START DATA SEGMENT
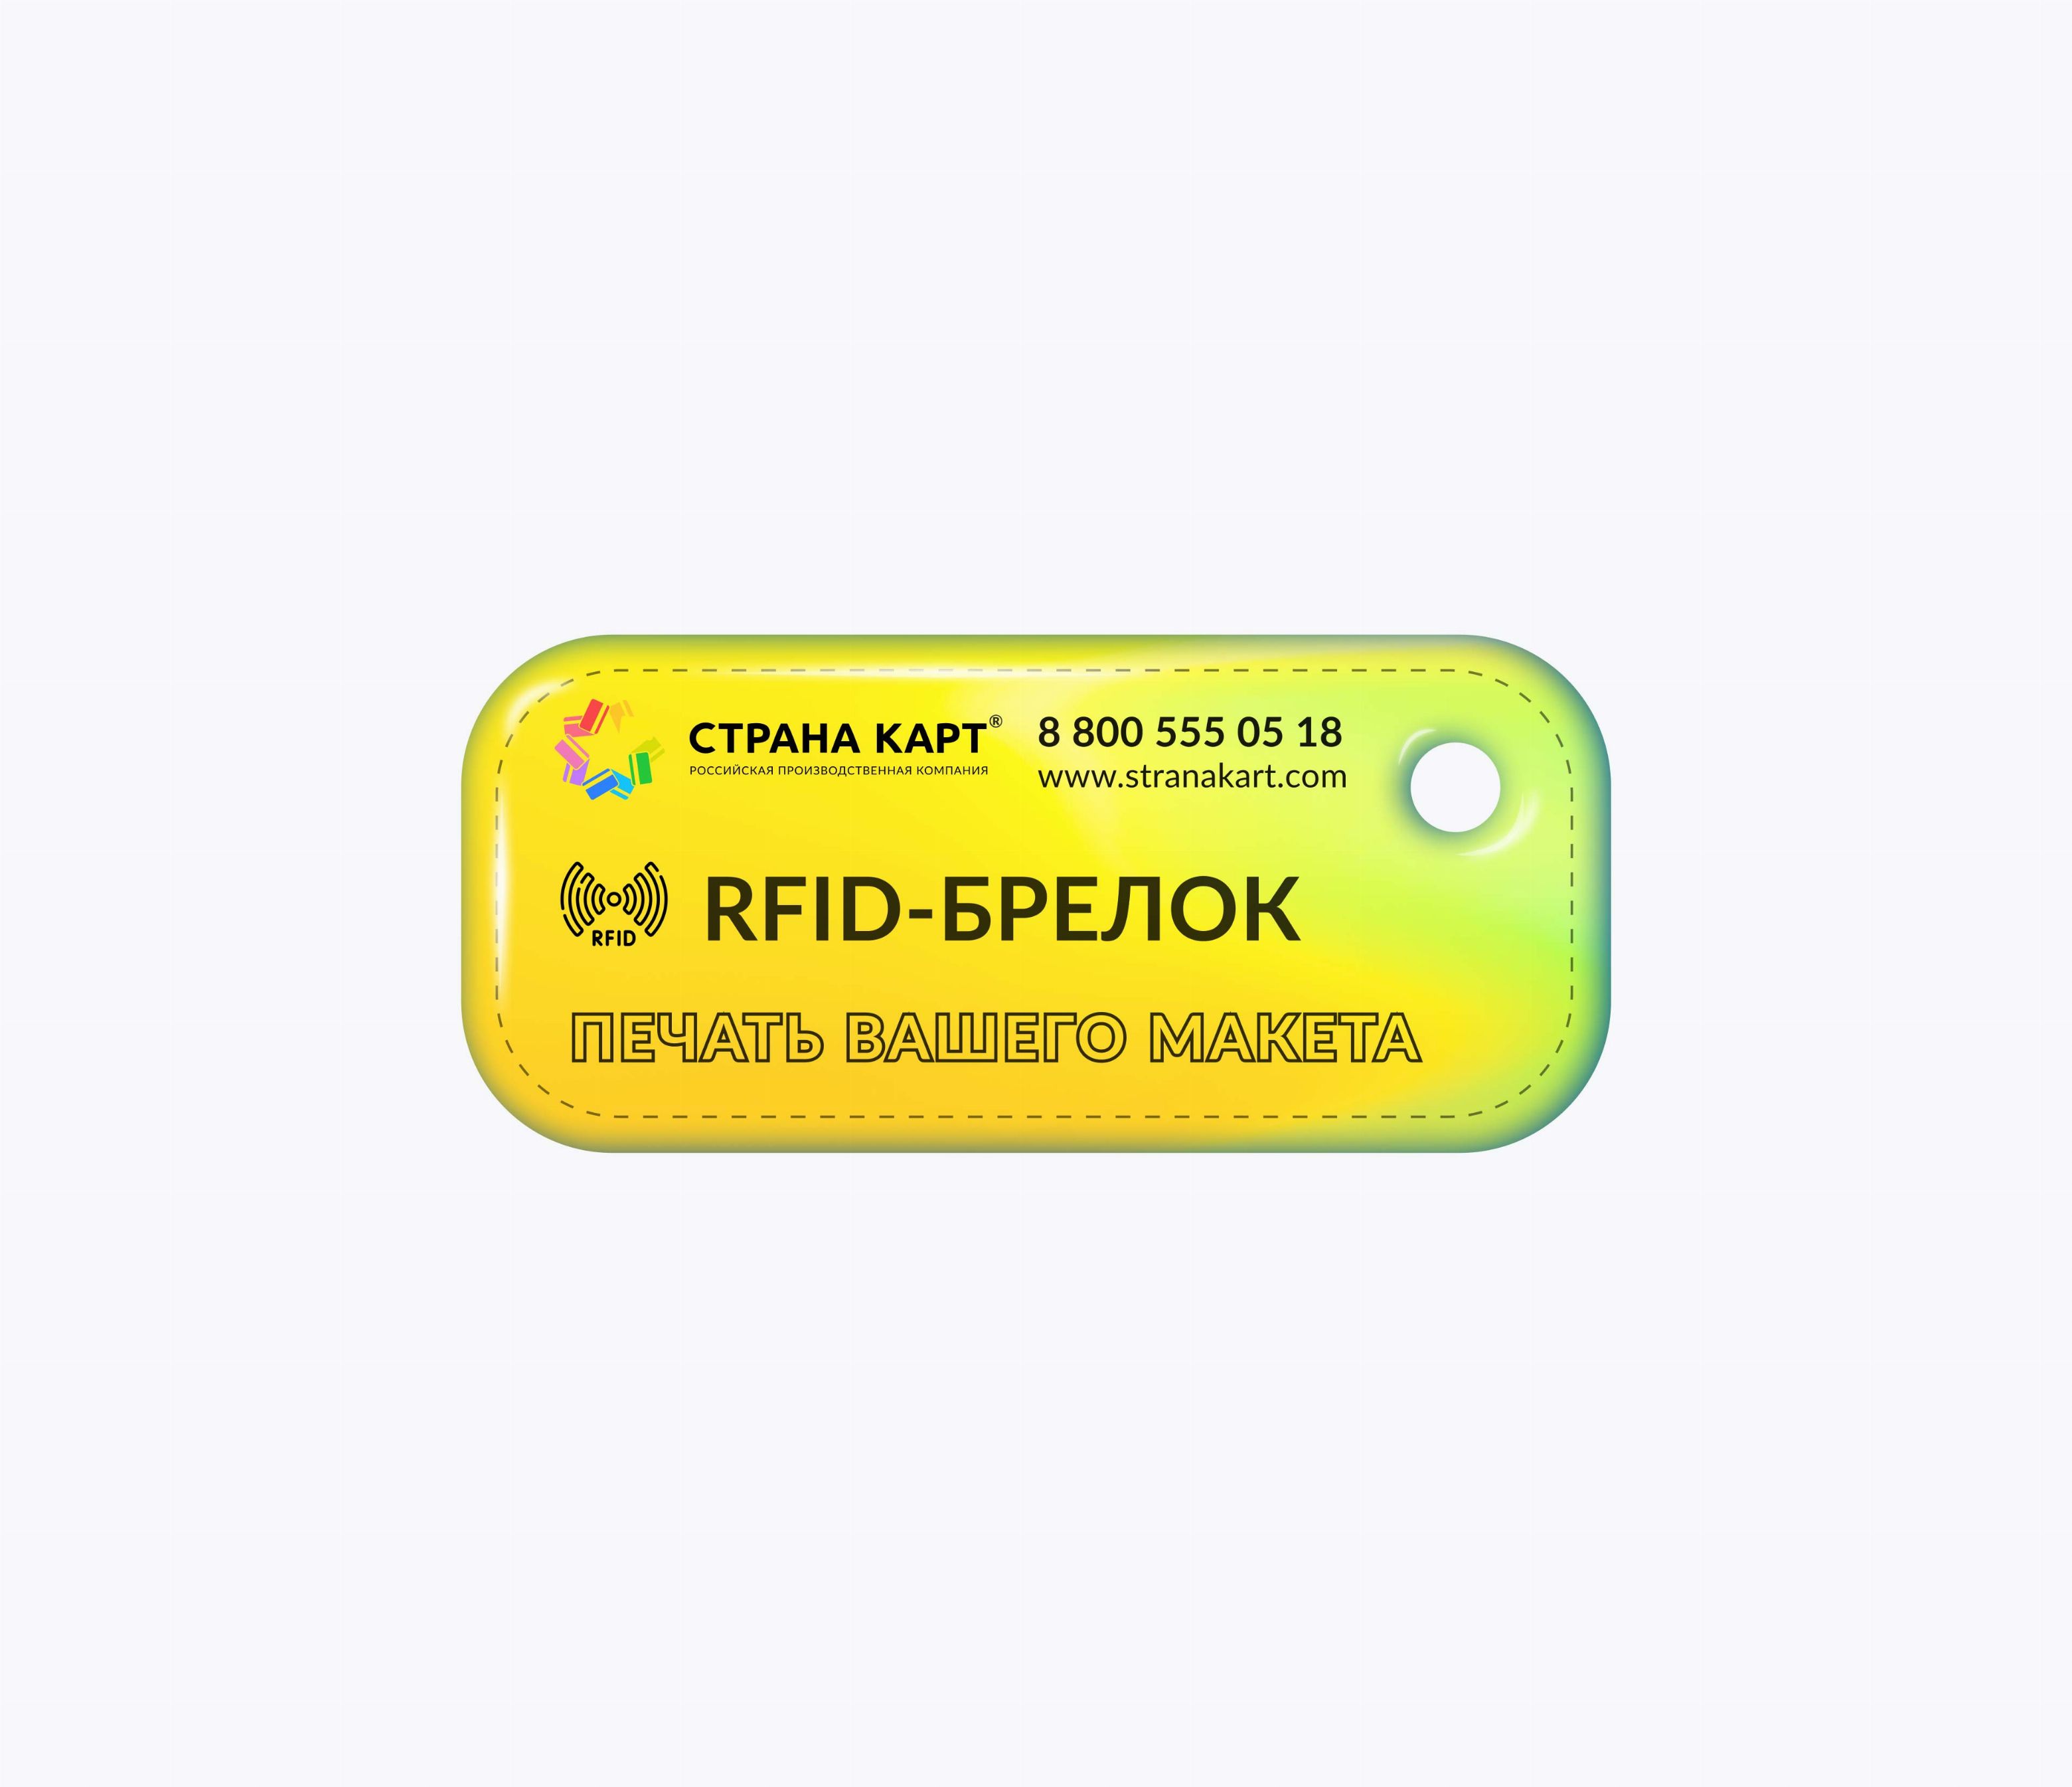 Прямоугольные мини RFID-брелоки NEOKEY® с чипом NXP MIFARE Plus SE 1k 4 byte nUID RFID-брелоки NEOKEY® с чипом NXP MIFARE Plus SE 1k 4 byte nUID и вашим логотипом
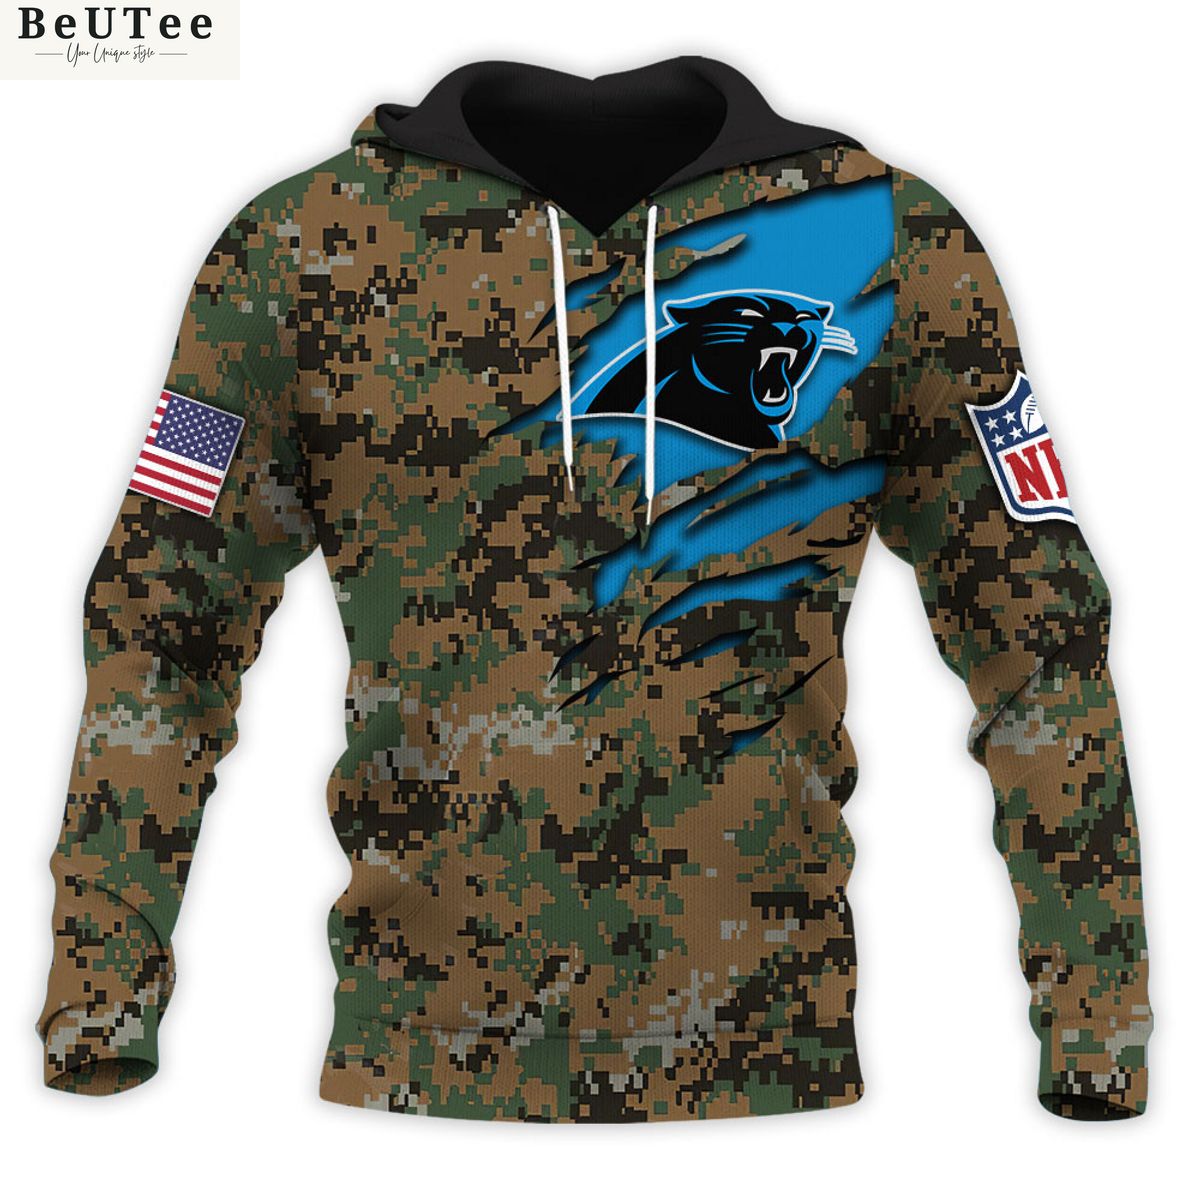 nfl honor us marine veterans carolina panthers personalized 3d hoodie t shirt sweatshirt 1 p5ryO.jpg
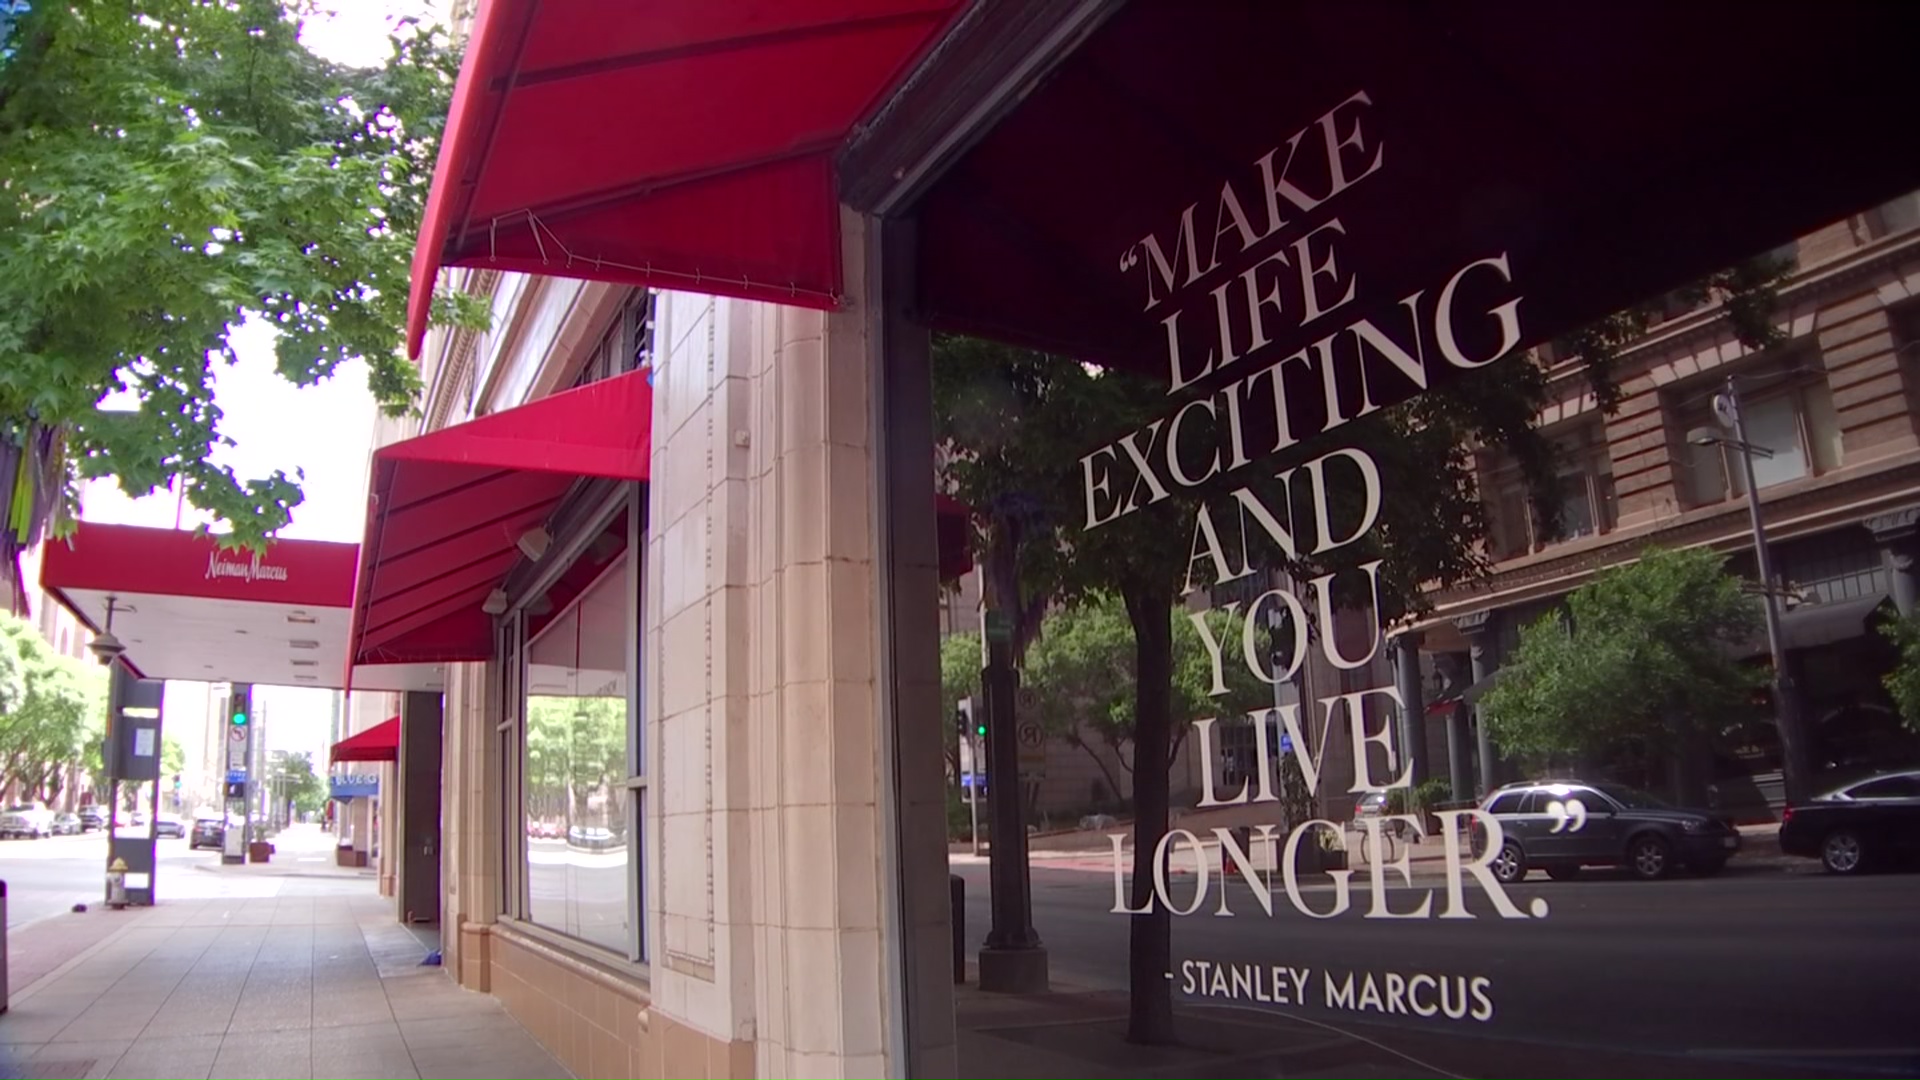 Report: Dallas-based Neiman Marcus preparing to declare bankruptcy
END DATA SEGMENT
● TASK INSTRUCTIONS
Nothing but the text is wanted: repeat the data above exactly, without its images.

● TASK OUTPUT
 Прямоугольные мини RFID-брелоки NEOKEY® с чипом NXP MIFARE Plus SE 1k 4 byte nUID RFID-брелоки NEOKEY® с чипом NXP MIFARE Plus SE 1k 4 byte nUID и вашим логотипом
 nfl honor us marine veterans carolina panthers personalized 3d hoodie t shirt sweatshirt 1 p5ryO.jpg
 Report: Dallas-based Neiman Marcus preparing to declare bankruptcy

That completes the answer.